P.E.I.'s new population strategy stifling hopes for permanent residency, foreign workers say
CBC
Some foreign workers on P.E.I. say they're frustrated and worried as recent changes to the province's immigration strategy put their chance to get permanent residency at risk.
Monika Dablehar and Hardeep Singh, two friends from India, say they're among many workers in P.E.I. who are now in that position.
"To be very honest, I don't know what I have to do," Dablehar said. "I am not sleeping for whole nights. Whenever I'm at work, I'm always feeling stressed."

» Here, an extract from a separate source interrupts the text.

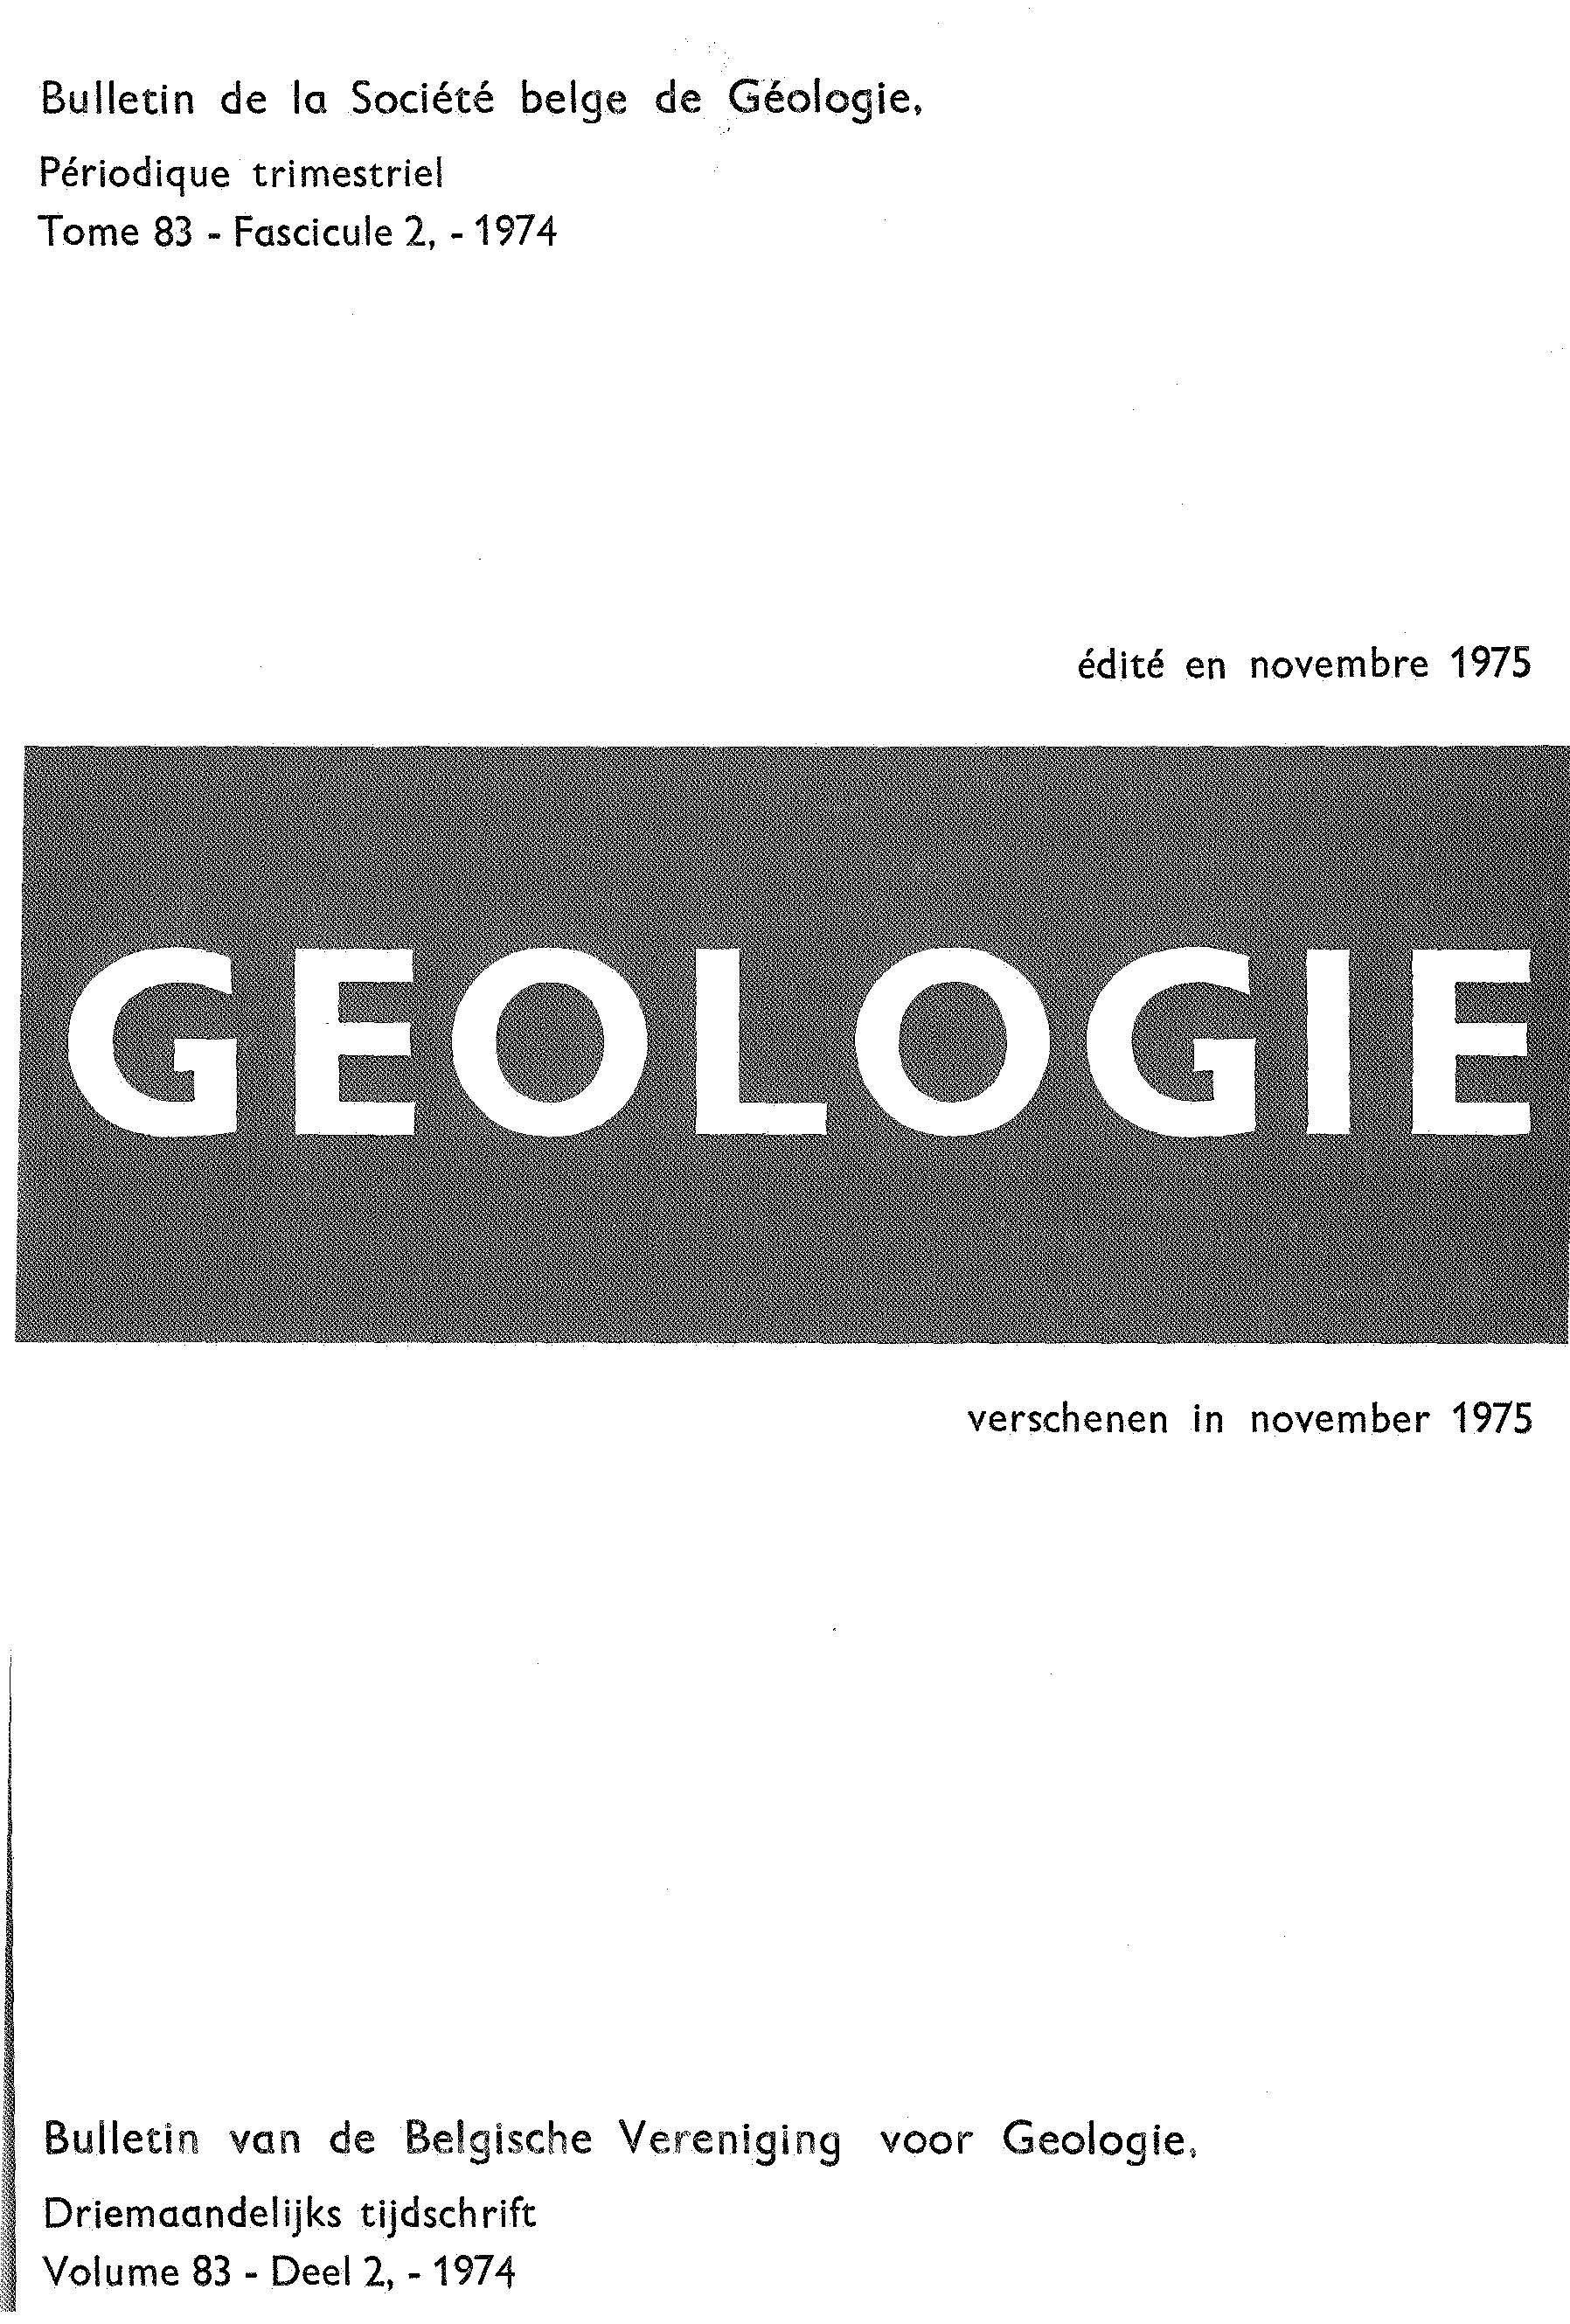 BSBG_83_1974_cover2.jpg

Their concerns come after the P.E.I. government announced in February that it's cutting the number of people it nominates for permanent residency by 25 per cent in 2024. It's part of the province's new population strategy that aims to ease a strained health-care system and housing market.
"It was really earth-shattering," Singh said. "The first few nights I couldn't sleep."
He and Dablehar moved to the Island a year ago on open work permits after studying in Ontario, and got jobs at fast food restaurants. Their goal: to get their permanent residency, or PR, and build a life in Canada.
Friends and immigration consultants told them P.E.I. was the best place to get nominated for PR by the provincial government.
Kelly Hamilton, an immigration consultant in Charlottetown, said it used to be a near sure thing.
"It didn't matter whether you were working at McDonald's or Tim Hortons," Hamilton said.
"If you had that full-time permanent job, working your minimum 30 hours a week, met the requirements of the [provincial nominee program], you could put your name in the pool and you could pretty much 100 per cent be guaranteed to get that invitation to make an application.
"Now that's not happening."
As the province reduces the total number of people it nominates for PR, it's focusing the remaining nominations on skilled workers in key sectors like health care, child care and construction.
Sales and service sectors, on the other hand, will see their nominations slashed — from 855 last year to 215 this year.
"We have already made our families and friends here," Singh said. "We don't want to move from here."